Una mancha de corrupción ha ensuciado las elecciones del 28-M. Al caso de la compra de votos en Melilla, le siguió el de Mojácar (Almería), y luego el de Albudeite (Murcia), a los que se unió la dimisión por agresión del número dos del PSOE en Santa Cruz de Tenerife, y la imputación ¡por secuestro! del número tres del PSOE andaluz.

La agresión que provocó la renuncia de José Ángel Martín, que iba en el segundo puesto de la candidatura socialista a la alcaldía de Santa Cruz de Tenerife, ilustra la tensión con la que algunos llegan al final de esta dura campaña, mientras que el caso de Maracena (Granada) revela la corrupción local, que sólo aflora a los medios nacionales cuando adquiere tintes novelescos. Peleas, compra de votos y hasta un secuestro de aficionados propio de una película de Berlanga. ¿Qué está pasando?

Cuando faltaban unos días para que se celebrasen las municipales de 1995, el influyente abogado Matías Cortés (Granada, 1938-Madrid, 2019) me dijo mientras paseábamos por El Retiro que, a su entender, las elecciones municipales y, por extensión, las autonómicas, eran las más importantes, "mucho más que las generales, porque es donde se corta el bacalao", argumentó. No le faltaba razón. En ellas se eligen decenas de miles de cargos (muchos de ellos bien remunerados), y se moldea el poder local y regional, que da la posibilidad de manejar grandes presupuestos, repartir prebendas y nombrar asesores a discreción. Son las elecciones que dan la base de poder a los grandes partidos, la red que les permite optar a la gobernación de la nación.
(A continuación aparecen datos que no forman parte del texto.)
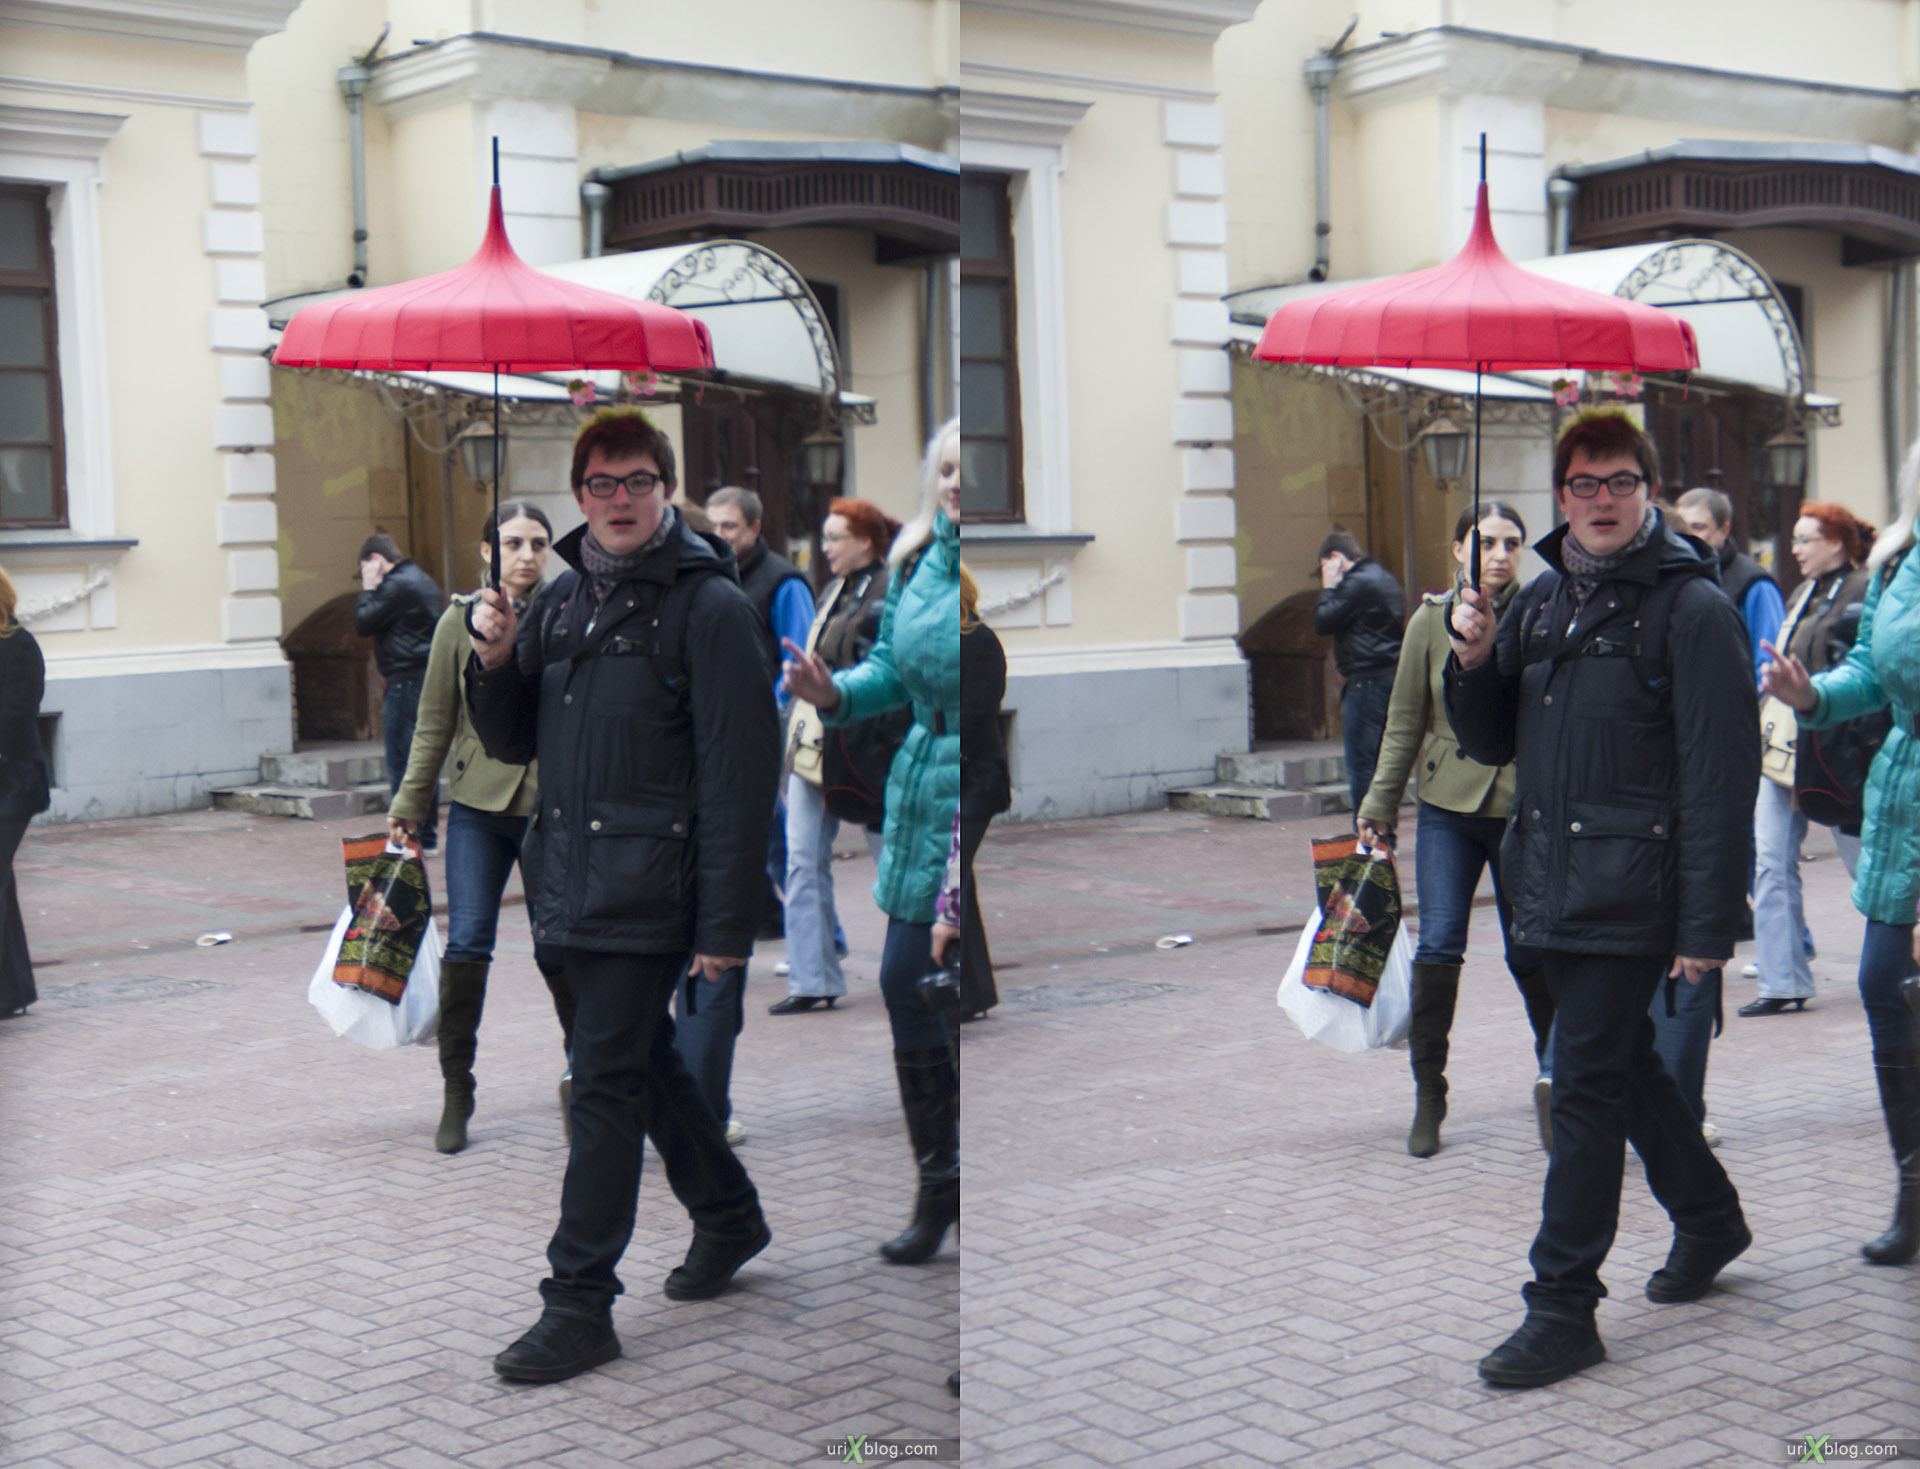 2011 Moscow, Dreamflash, Old Arbat st., Москва, Дримфлеш, Старый Арбат, Shot with Canon 5D mark 2, 3D, stereo, cross-eyed, стерео, стереопара, Loreo 3D lens in a cap

El caciquismo o la compra de votos nos retrotraen a la España de finales del siglo XIX y principios del siglo XX, época en la que el potentado Álvaro de Figueroa y Torres (1863-1950), más conocido por su título nobiliario de conde de Romanones, hizo de la circunscripción de Guadalajara un coto privado en el que la compra de votos era tan popular como la miel de la Alcarria. Ya no estamos en la España de la Restauración. Los super ricos no ejercen directamente la política. No les hace falta. Les basta con utilizar su influencia para que los políticos consideren su riqueza como un bien a preservar por el Estado.
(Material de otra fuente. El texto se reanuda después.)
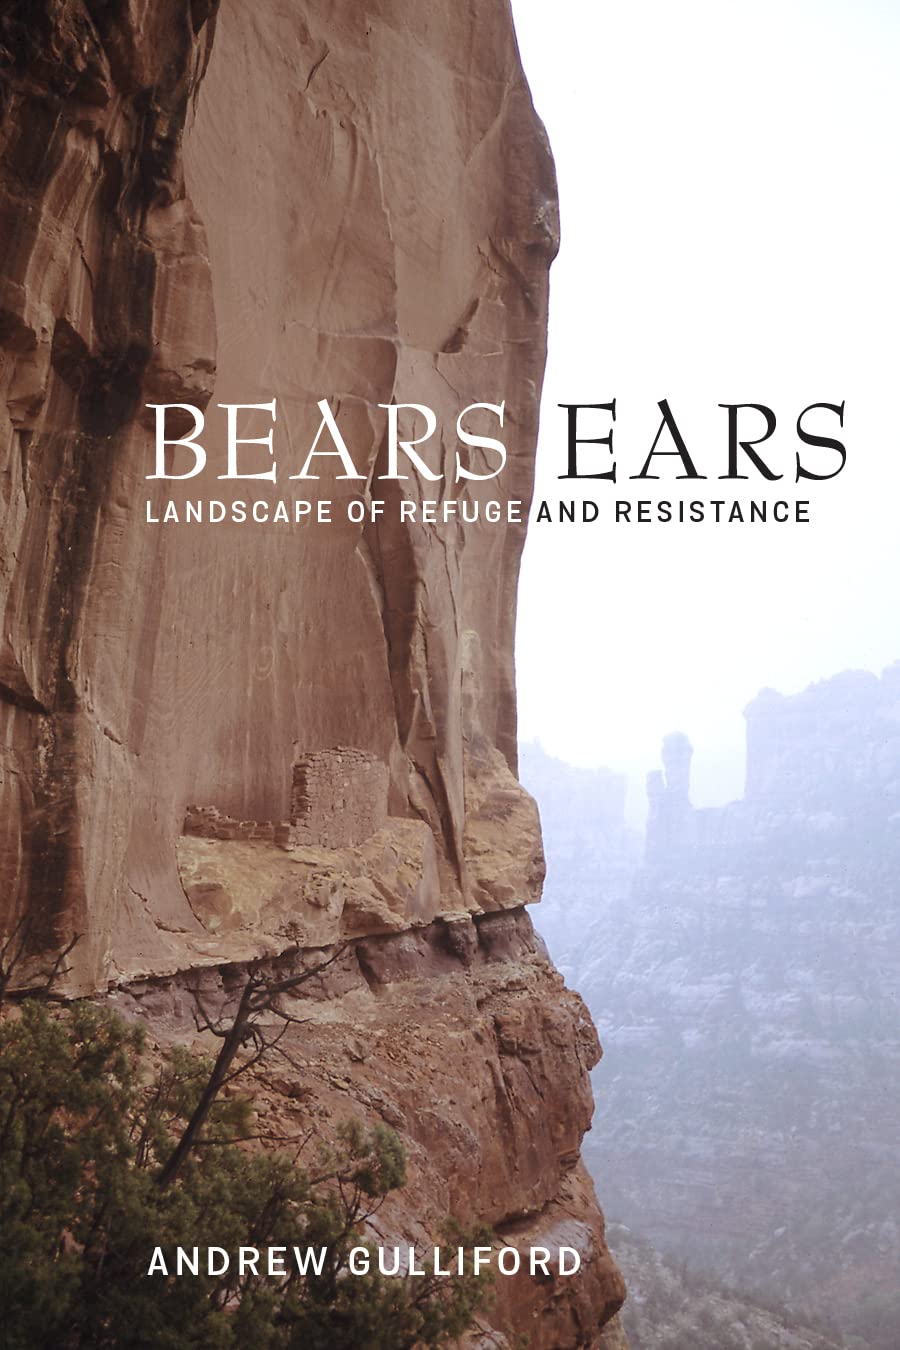 Bears Ears: Landscape of Refuge and Resistance by Andrew Gulliford
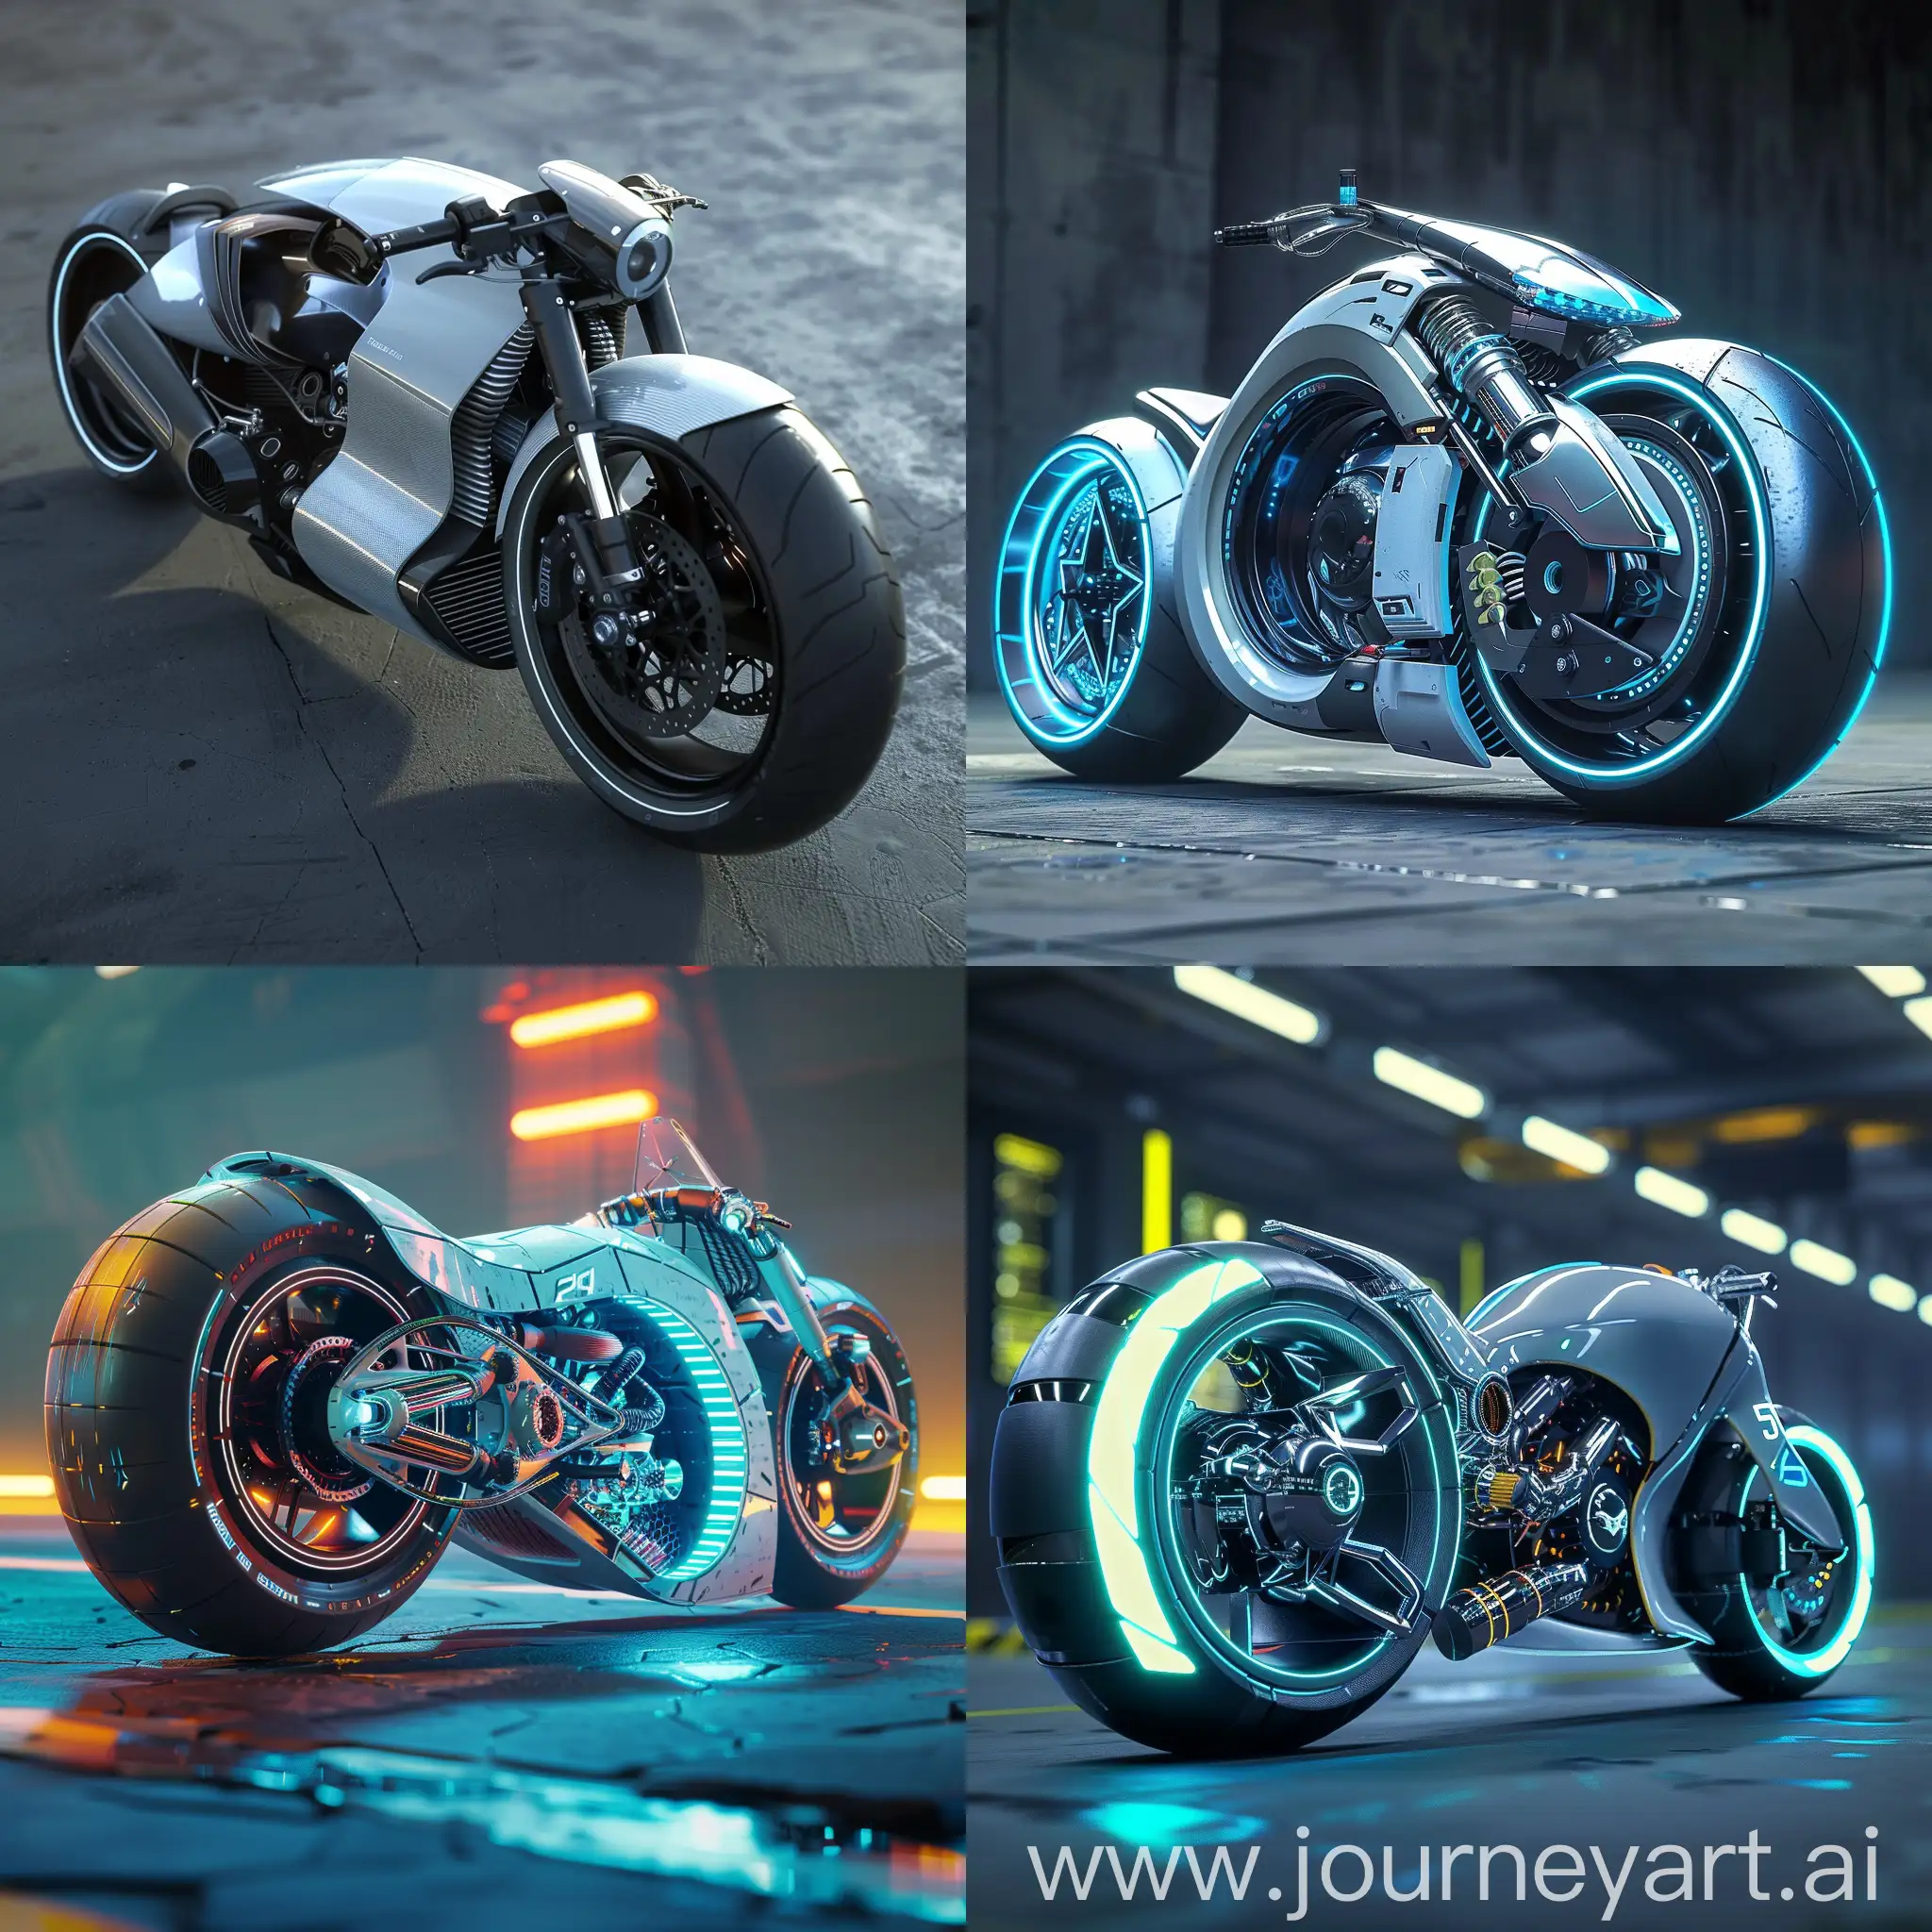 Futuristic-Motorcycle-with-Advanced-Electric-Powertrains-and-Integrated-AI-Systems

Sánchez ha hecho imposible la idea de una nación común en la que se reconozcan la mayoría de los españoles. La política de bloques ha deteriorado la calidad de la democracia y ha hecho de la corrupción una práctica casi habitual

Pero el cuadro, lo que hemos visto en esta campaña, nos muestra la cara más purulenta de la democracia, esa que no queremos ver. Llegamos a los escándalos de las compras de votos tras la provocación de Bildu de meter en sus listas a etarras condenados por delitos de sangre. El insulto a las víctimas y a todos aquellos que creen que la moral importa no provocó la respuesta que hubiera sido lógica por parte del Gobierno: rechazo de cualquier apoyo de los que siguen justificando el terror. No. Vimos un mohín, casi fingido, de disgusto. Un reproche. Y lo peor, una justificación: no nos gustan, pero nos ayudan a llevar a cabo medidas progresistas.

La democracia se concibe como un medio o una herramienta, una suma aritmética que legitima medios y objetivos. La política se ha leninizado subrepticiamente: si es necesario hay que pactar aunque sea con el diablo.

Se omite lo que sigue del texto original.